Popüler kültüre göre sadece bu dünya vardır. Ye, iç, bol tüket ve dünyanın hazzını doyasıya yaşa… Ama özellikle gençlerimizi bu konuda bekleyen en büyük tehlike, popüler kültür olguları akıl süzgecinden geçirilmediği için, insanlarda kimlik bunalımına sebep olmasıdır. Popüler kültür ile manevi duygular arasında çatışmanın yaşanması doğaldır ve bu doğallık insanları keşmekeş bir hayatın kucağına atmaktadır. İnsanımız ve özelikle gençlerimiz değerler noktasında, Kur’an ve Peygamberimizin (sav) hayatından beslenmek yerine, popüler kültürün ahlakı çökerten unsurlarından beslenince de ahlak sükût etmektedir. Ahlak kuralları sükût edince de insanımızın sosyal hayat içinde attığı her adım onu maneviyattan uzaklaştırmaktadır.

İşin en kötü ve tehlikeli tarafı ise, bizler, popüler kültürün insanımız ve toplum üzerinde yaptığı tahribatı öne sürdüğümüzde ve anlatmaya çalıştığımızda, bilim karşıtlığı ve modernizim düşmanlığı ile suçlanabiliyor, gerici ve yobaz olmakla yaftalanabiliyoruz.

Olsun!

Peygamberimiz (sav) de kendi halkı tarafından Mekke döneminde yalancılıkla suçlanmış, yaşanan cahiliye kültürüne(!) bayrak açmakla yaftalanmıştı. Ama o hiçbir zaman, hedefinden yüce rabbimizin de izniyle bir nebze dahi şaşmamıştı. Bizler de en güzel rol model olan peygamberimiz (sav)’i örnek alarak, elimizden geldiği dilimizin döndüğü kadar yazacak, konuşacak ve İslami görevimizi hakkıyla yerine getirmeye çalışarak, popüler kültürün zararlı etkileriyle mücadele etmeye çalışacağız. Diğer bir deyişle gençlerimizi, bu zararlı akımların etkisinden korumaya çalışacağız.
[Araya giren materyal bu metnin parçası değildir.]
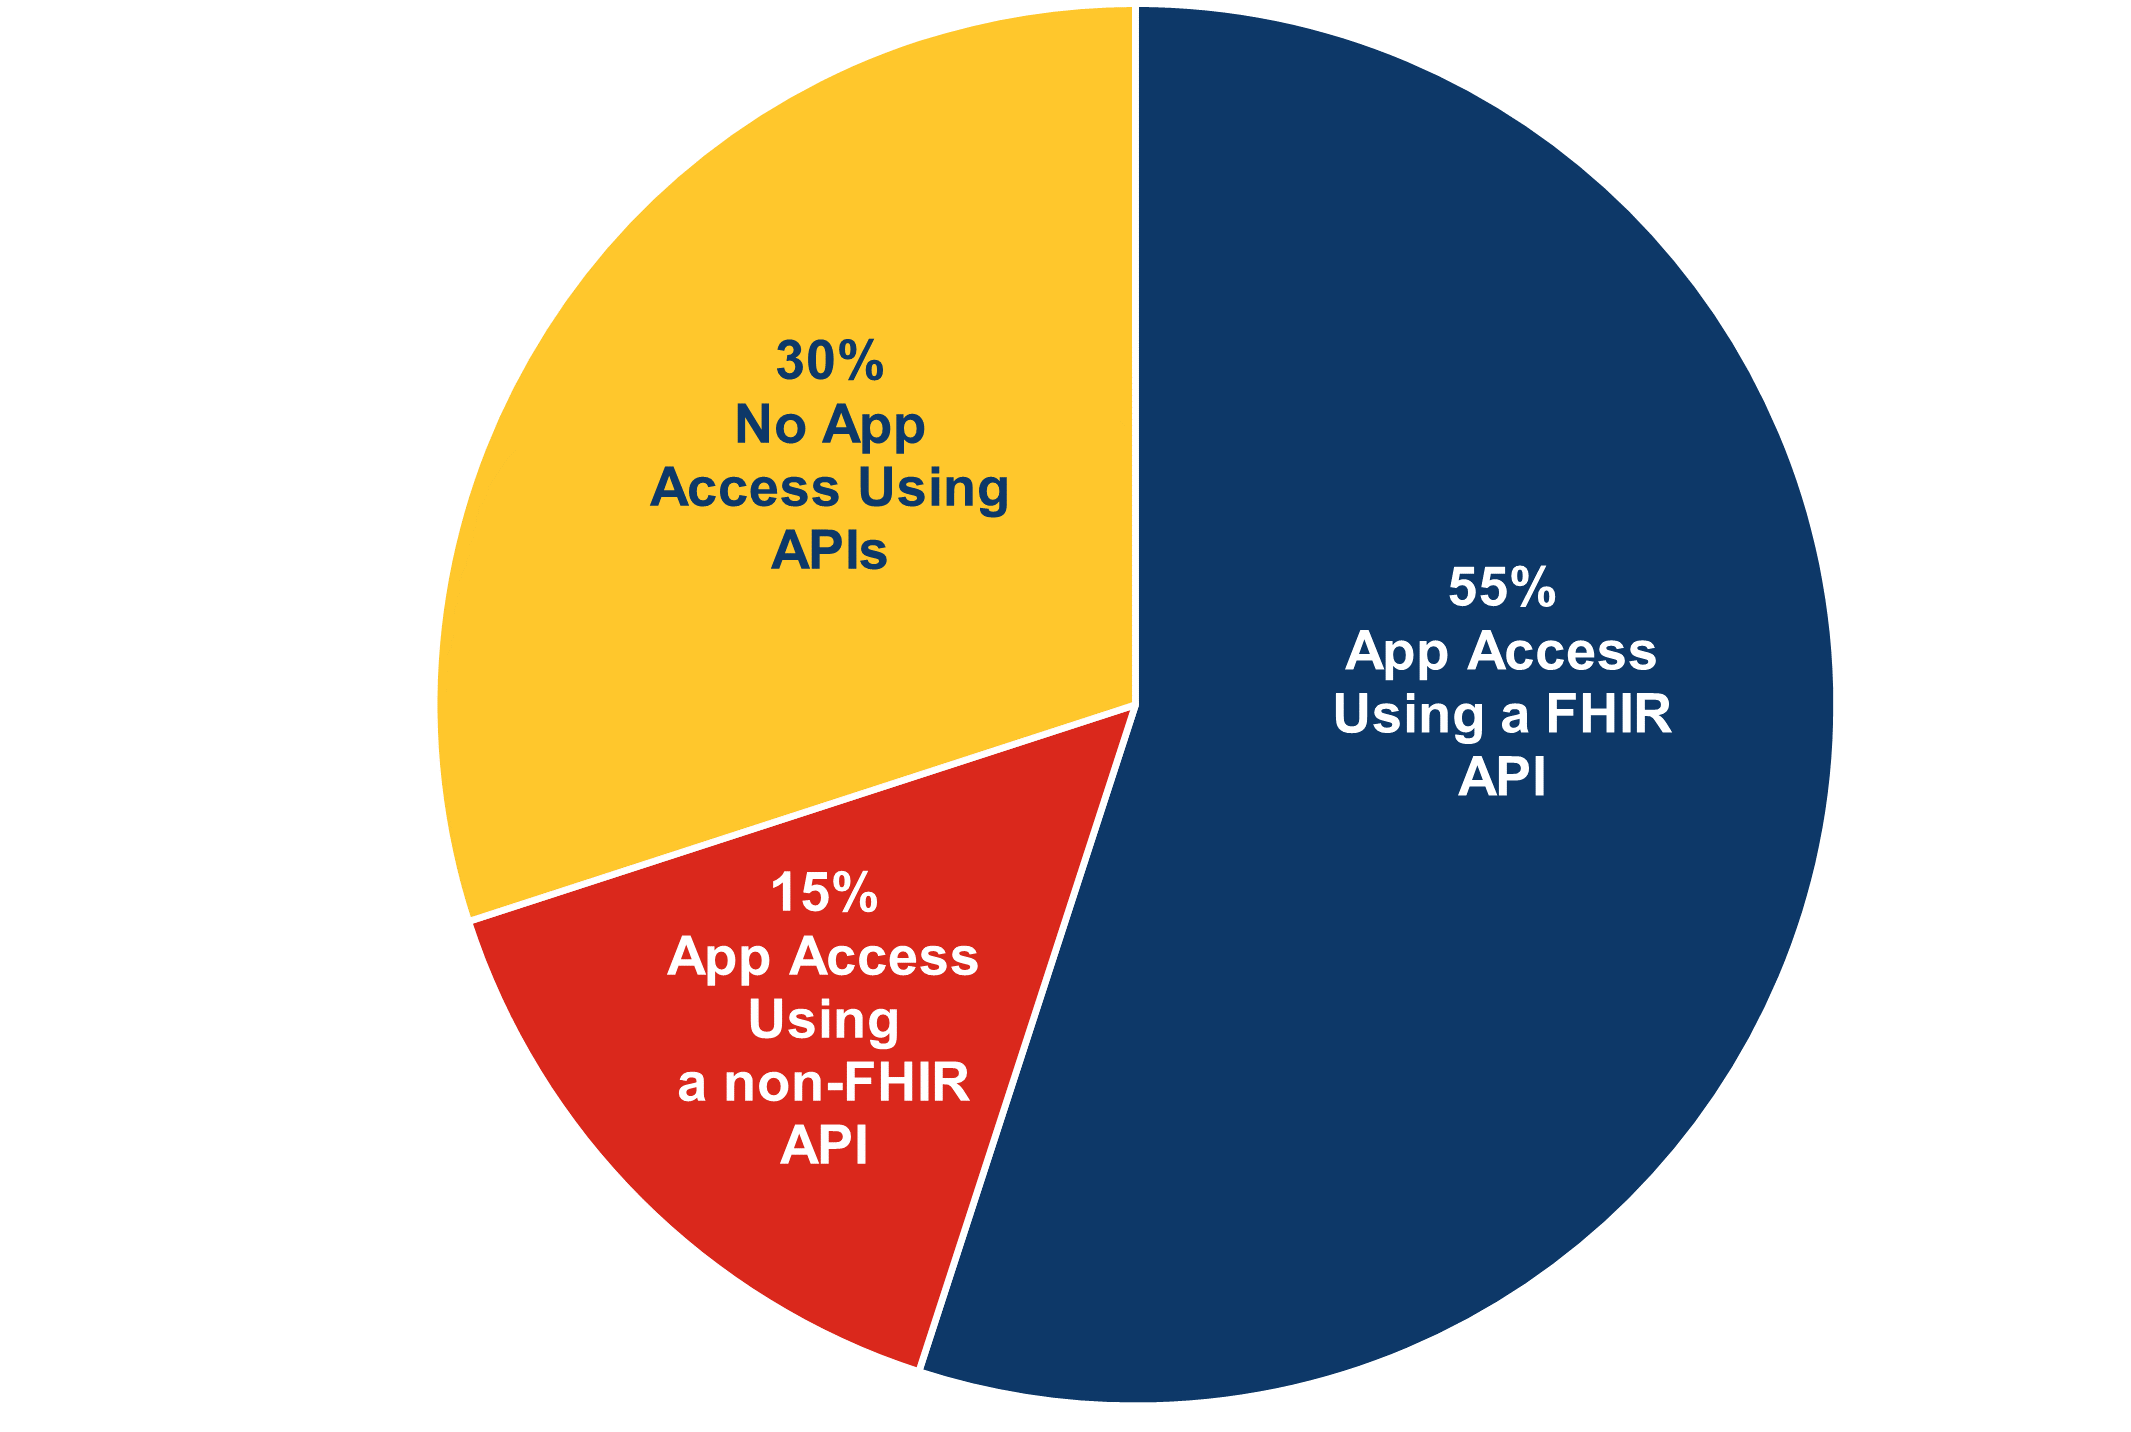 The figure is a pie chart and shows three distinct segments. 55 percent of hospitals provided patient access to their health information through apps using a fast healthcare interoperability resource standardized application programming interface. 15 percent of hospitals provided patient access to their health information through apps not using the fast healthcare interoperability resource standard. 30 percent of hospitals did not provide patient access to their health information through an app.

Ne popüler kültürün saçmalıkları, ne din yüzünden geri kaldık hezeyanları, ne de medya ve sosyal medyanın değerlerimize yaptığı saldırılar, bizi gerçek medeniyet yolundan ve bunu anlatmaktan alıkoyamayacaktır. Popüler kültürün girdabından kurtarabildiğimiz her insanımız, yüce rabbimizin rızasını kazanma noktasında bizler için en önemli adım olacaktır.

Şunu herkes çok iyi bilmelidir ki, popüler kültürün etkisinden kurtulabilmek demek, “Karanlıklardan aydınlığa çıkmak”, medeniyet çizgisini yakalamak ve dünya-ahiret mutluluğunu yakalayabilmek demektir.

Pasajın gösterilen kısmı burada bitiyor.